Your objective
Restrict the output to the lines below starting at the one that contains "pants black leggings" and ending at the one that contains "Cortadora de cabello", and restate them word for word, both ends included.

Exercise data
+-------+
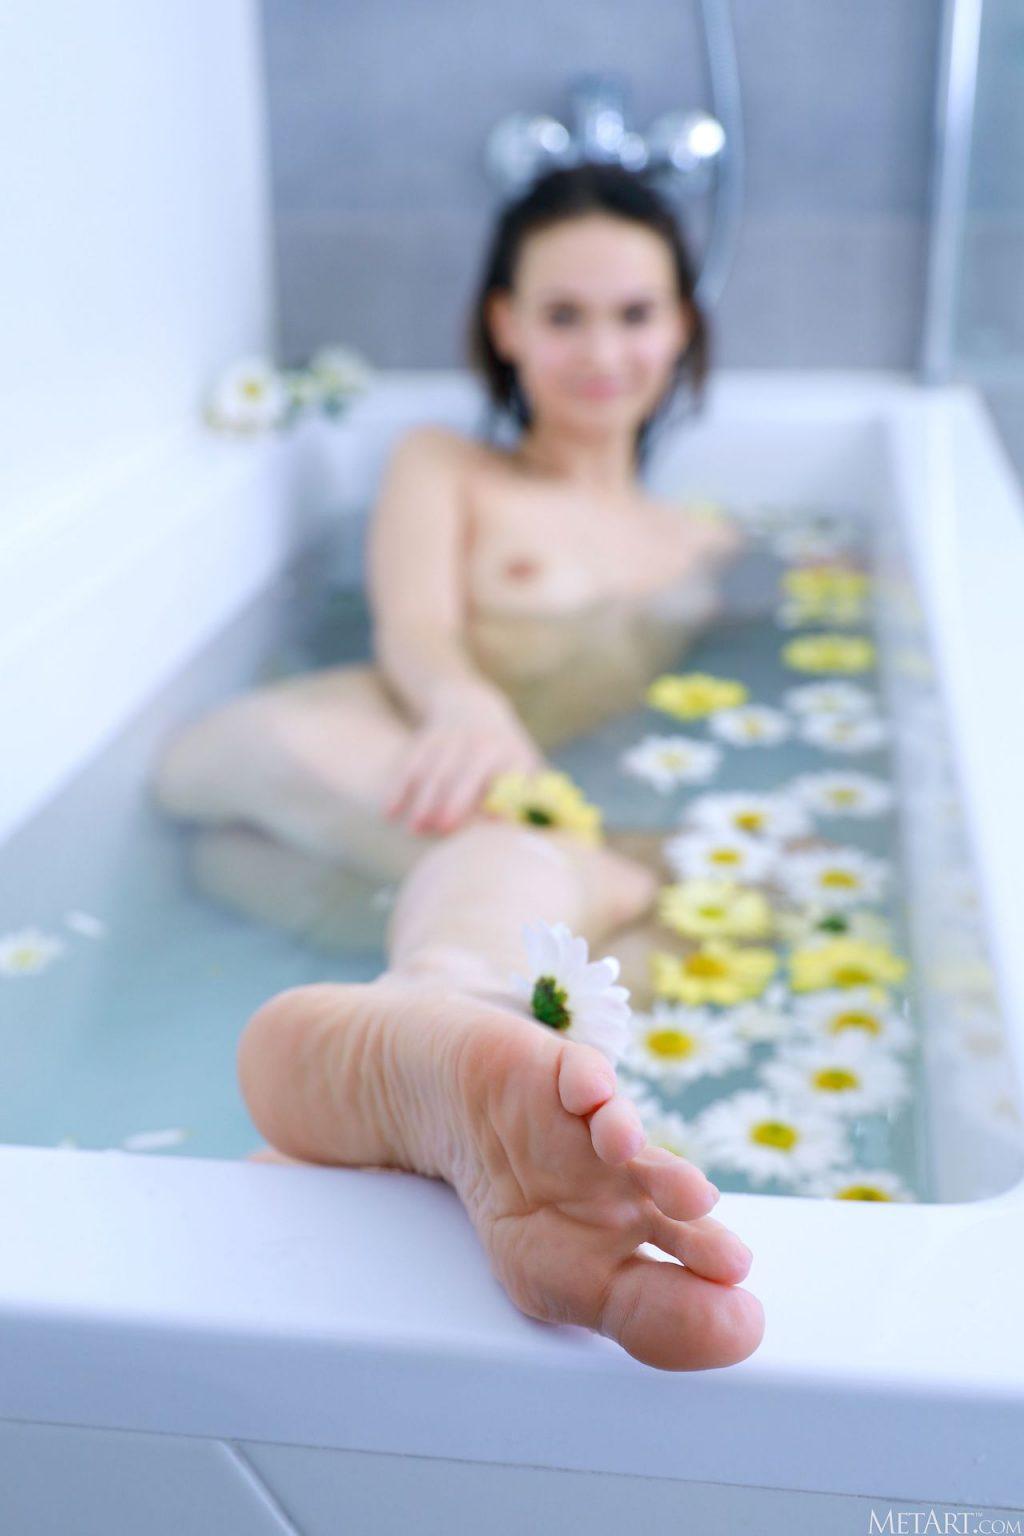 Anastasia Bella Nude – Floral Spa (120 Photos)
+-------+
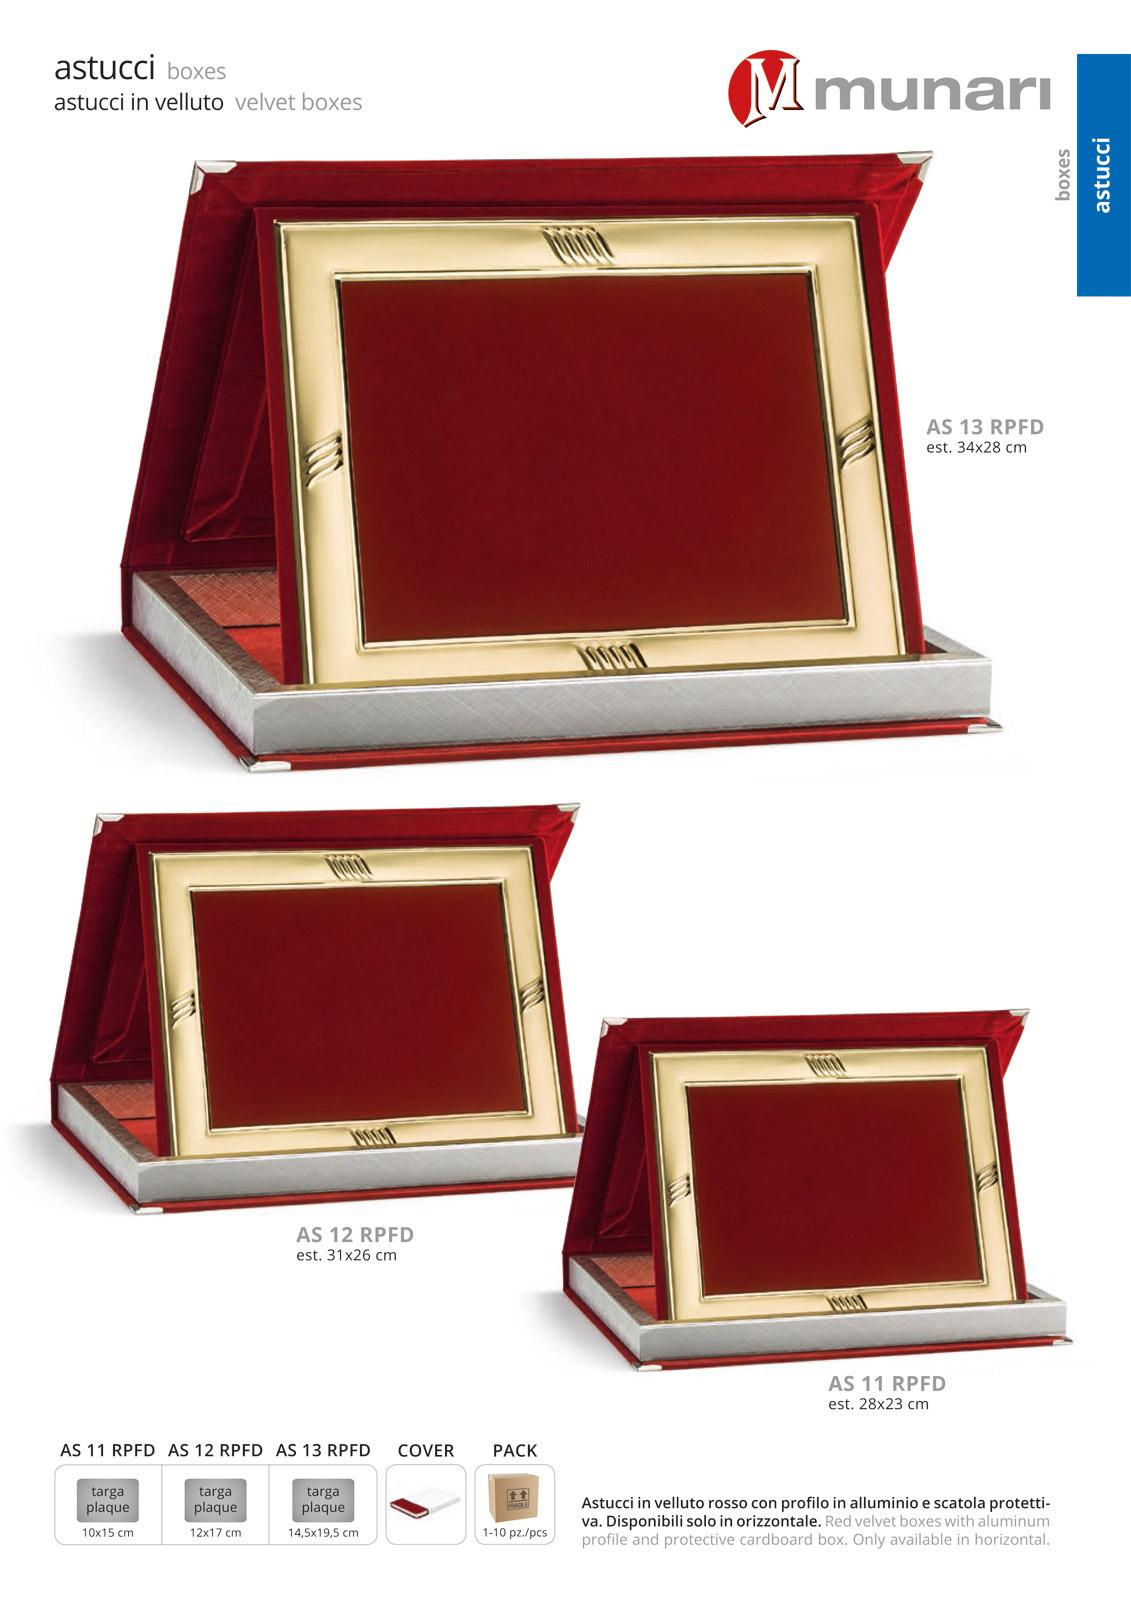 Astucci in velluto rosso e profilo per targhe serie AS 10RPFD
+-------+
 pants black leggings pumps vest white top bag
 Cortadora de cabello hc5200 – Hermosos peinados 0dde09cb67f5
+-------+
Written solution
 pants black leggings pumps vest white top bag
 Cortadora de cabello hc5200 – Hermosos peinados 0dde09cb67f5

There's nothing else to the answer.